One such stimulus package was used by the United States of America, aimed at recovering the economy left in shatters after the great economic depression. India used its first stimulus package in 2008 to secure its bank deposits and stabilize the economy.
Stimulus Packages for COVID-19 in Different Countries
Governments across the globe are spending big amounts from their fiscal to keep their respective economies stable in today’s time of the pandemic. They want to control the economic free fall as businesses are brought to the halt with the global health emergency.
- The USA rolled out its biggest stimulus package in the history, on 26th March 2020, of 2 trillion dollars and named it as CARES (the Coronavirus Aid, Relief and Economic Security) Act. It is aimed to provide a sense of security to its citizens. This puts money in people’s wallet to spend now so that businesses can sustain through their customer base.
- In Japan, about to be put in the state of economic emergency, President Abe announced a 1 trillion dollar stimulus package which is equivalent to 20% of the nation’s economic output. This includes cash handouts of 6 trillion yen to the families affected by the coronavirus.
- The European Central Bank announced that it would buy the financial assets worth up to 750 billion Euros ($820 billion) to calm the distressed European markets. It has named the purchases as Pandemic Emergency Programme and is aimed at keeping the bank interest rates low for the benefit of the businesses and its customers.
- The Australian government announced its second rescue package of $66 billion following its initial rescue package of $17.6 billion along with $100 bn in emergency banking measures.
- India has declared 1.7 lakh crore INR COVID-19 stimulus package on 26th March 2020.
Indian Government Stand on the COVID-19 Stimulus Package
The government of India has pumped 15,000 crore rupee in the Indian healthcare system to make it more efficient in providing the Indian citizens with necessary medical facilities and deal with the outbreak of the virus.
Along with this, the government announced rupees 1.7lakh crore relief package for the poor along with insurance for frontline medical workers dealing directly with the infectious containment.
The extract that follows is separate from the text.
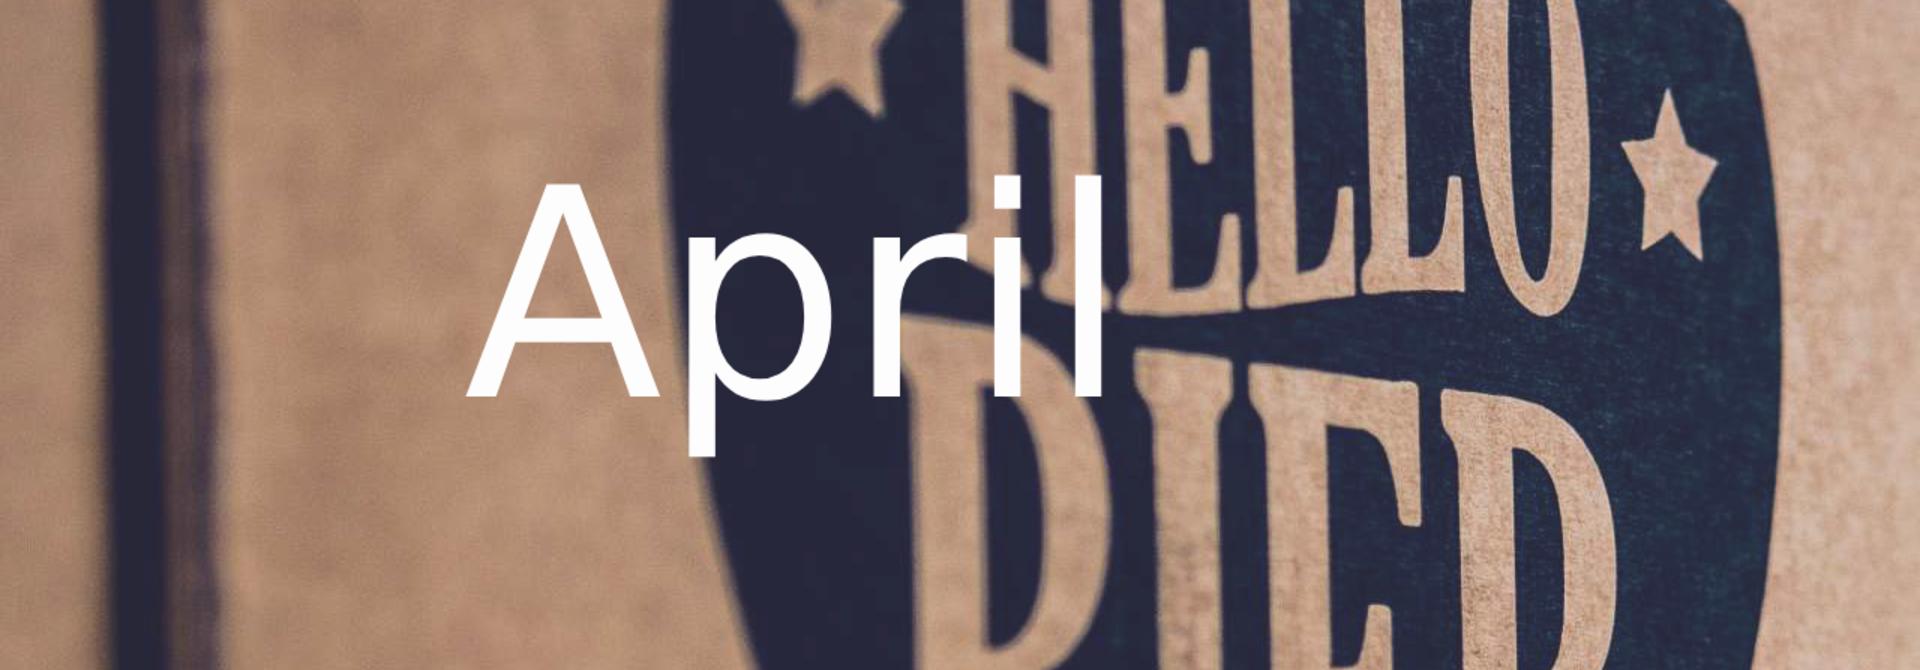 Speciaalbier – bierpakket april 2018

This was rolled out under Pradhan Mantri Garib Kalyan Yojana aimed at:
- Higher wages for the workers employed under the Mahatma Gandhi National Rural Employment Act (MGNREGA)
- Rs. 1000 ex-gratia payment to over 30 million senior citizens, widows and specially-abled.
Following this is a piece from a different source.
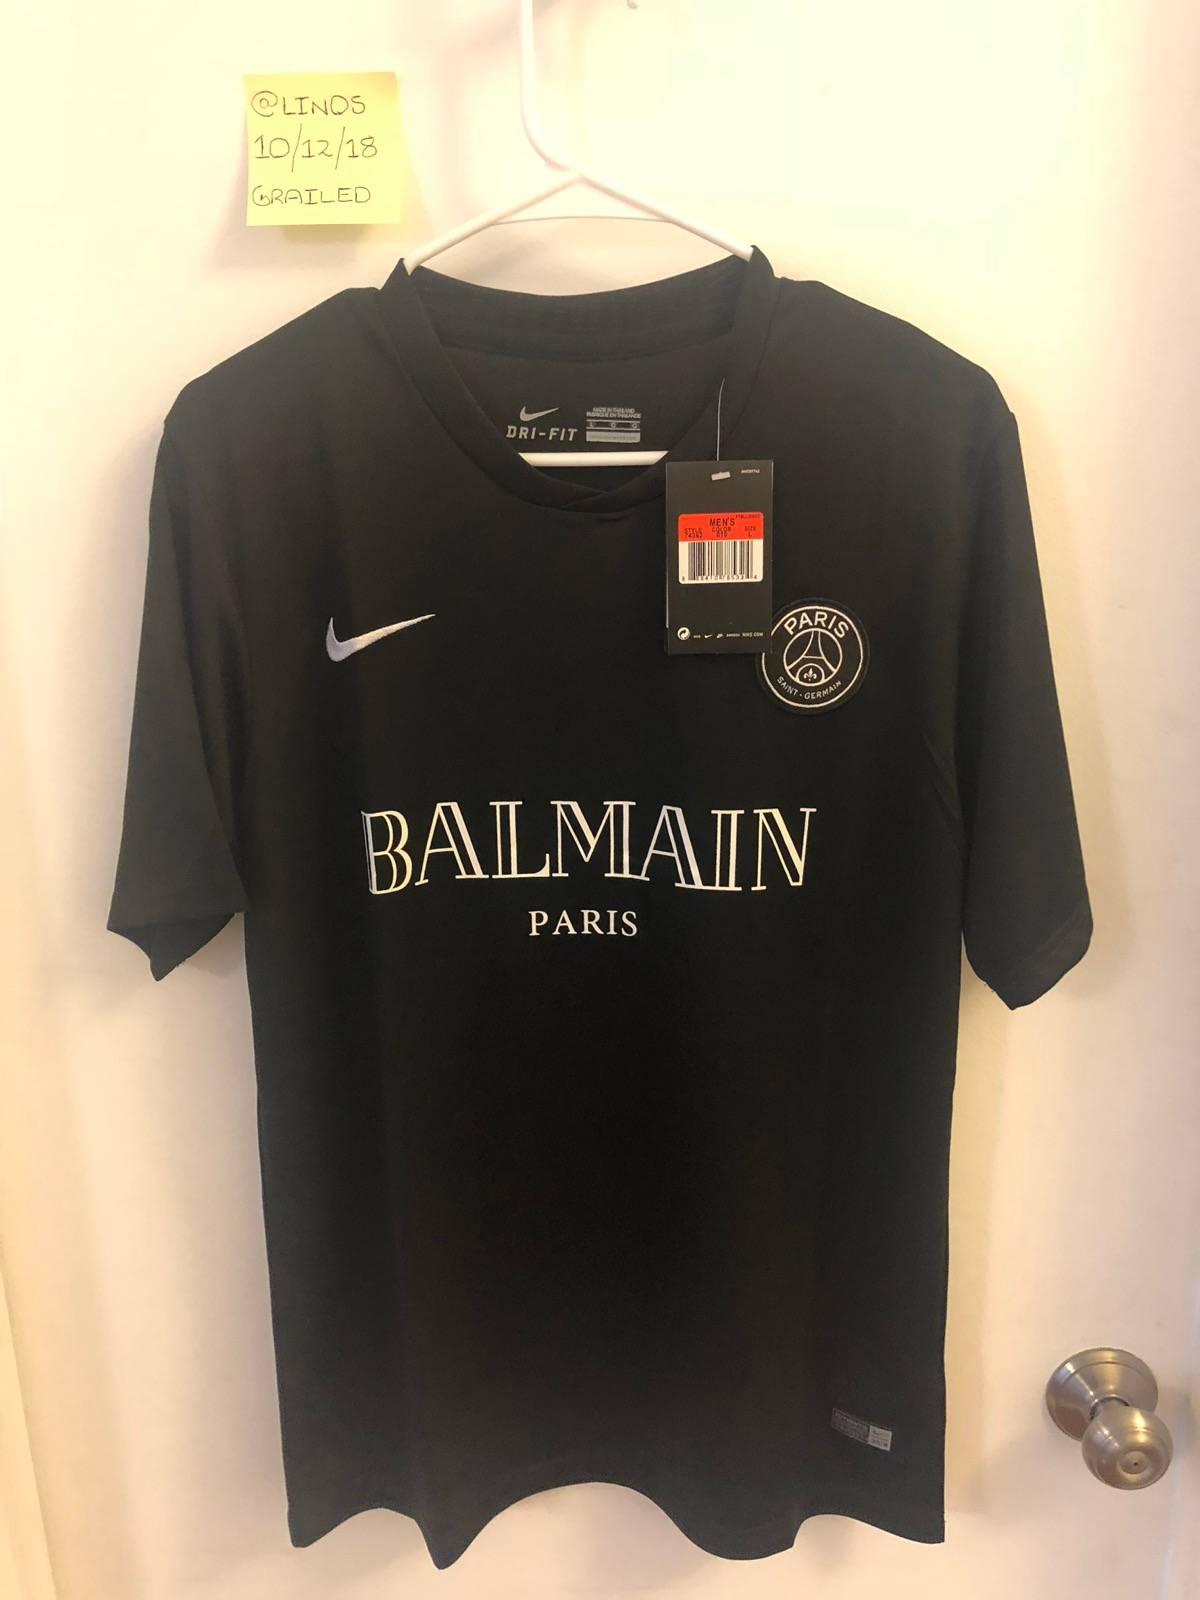 Kylian mbappe ended a four. Balmain Nike X Balmain X Psg Custom Mens Soccer Jersey

- Rs 50 lakh life insurance for around 2 million healthcare workers.
- Around 87 million farmers will be credited the first instalment of Rs 2000 under Pradhan Mantri Kisan Yojana.
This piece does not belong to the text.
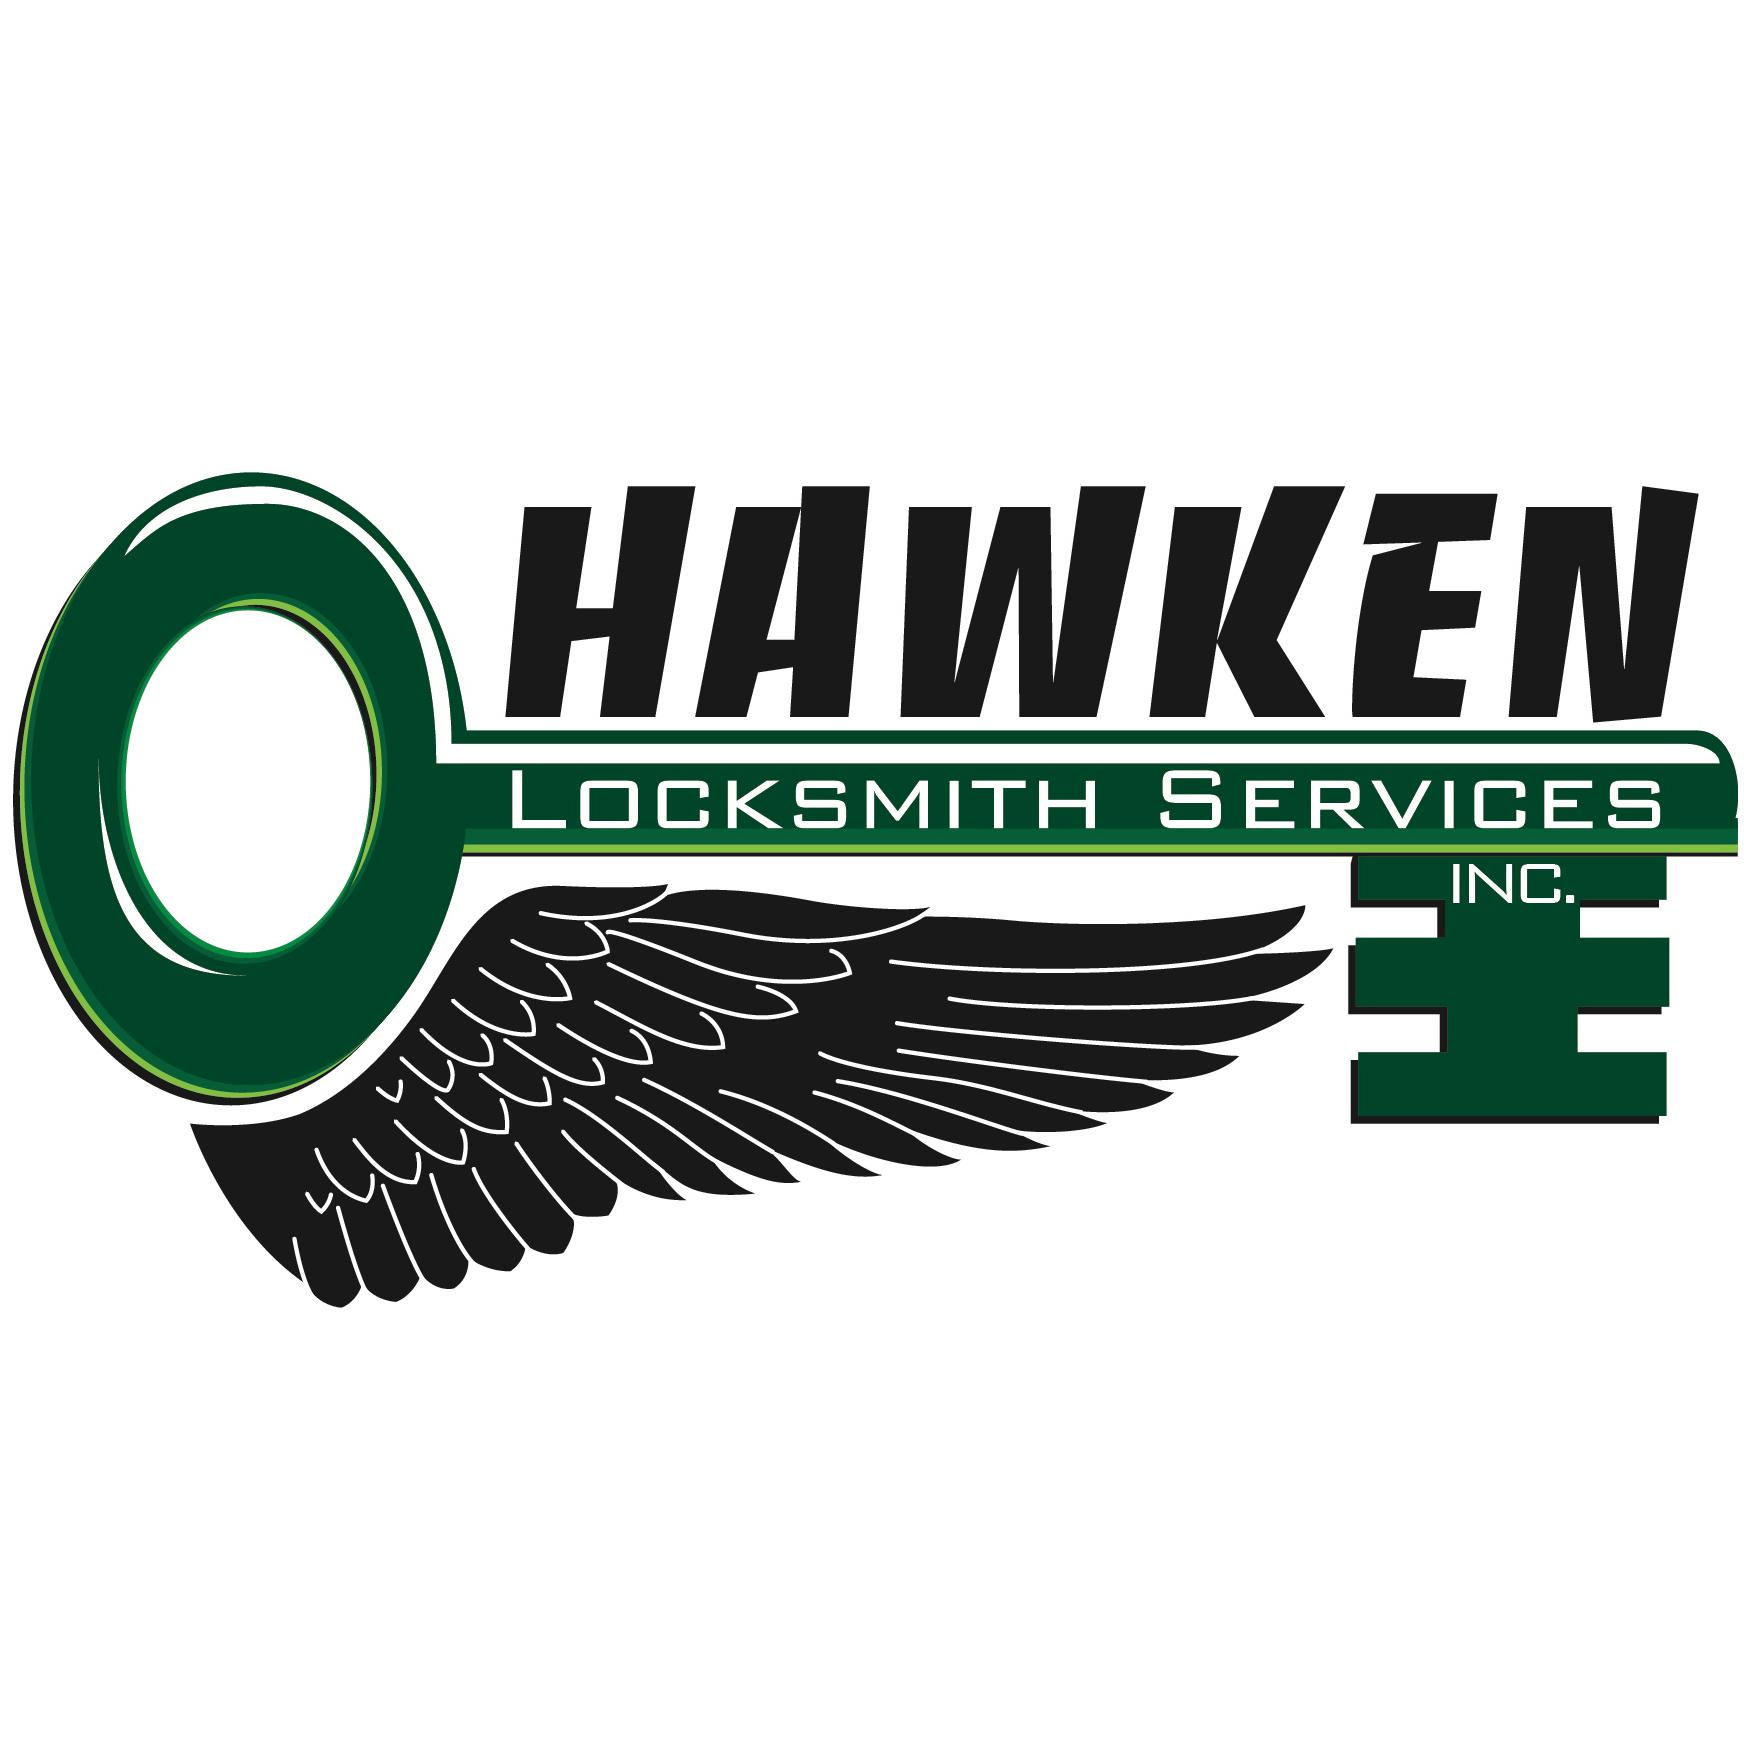 Hawken Locksmith Services Inc. image 10

This relief package was announced immediately within the 36 hours of the imposed lockdown, with the intention to reach the poorest of the poor in the country. To make the food available to the poorest of the citizens, the state has announced that the government will provide 5kg wheat or rice and 1 kg of pulses free per month for the upcoming three months.
Among the worst-hit industries due to COVID-19, the direct impact is born by tourism, manufacturing, hospitality industry among others. Reserve Bank of India has announced a three-month moratorium on the payment of EMI(Equated Monthly Installments). This will reduce the repayment burden on the loan availers and bring relief.
With the global stock markets falling and bearing the brunt of coronavirus pandemic, it has become absolutely necessary for the governments across the globe to handle and maintain their respective economies. Only when the individual economies will be maintained, the global impact and economic depression will reduce. Hence, until we see the graphs of coronavirus numbers and world economy interchanging places, it is still a long way to go.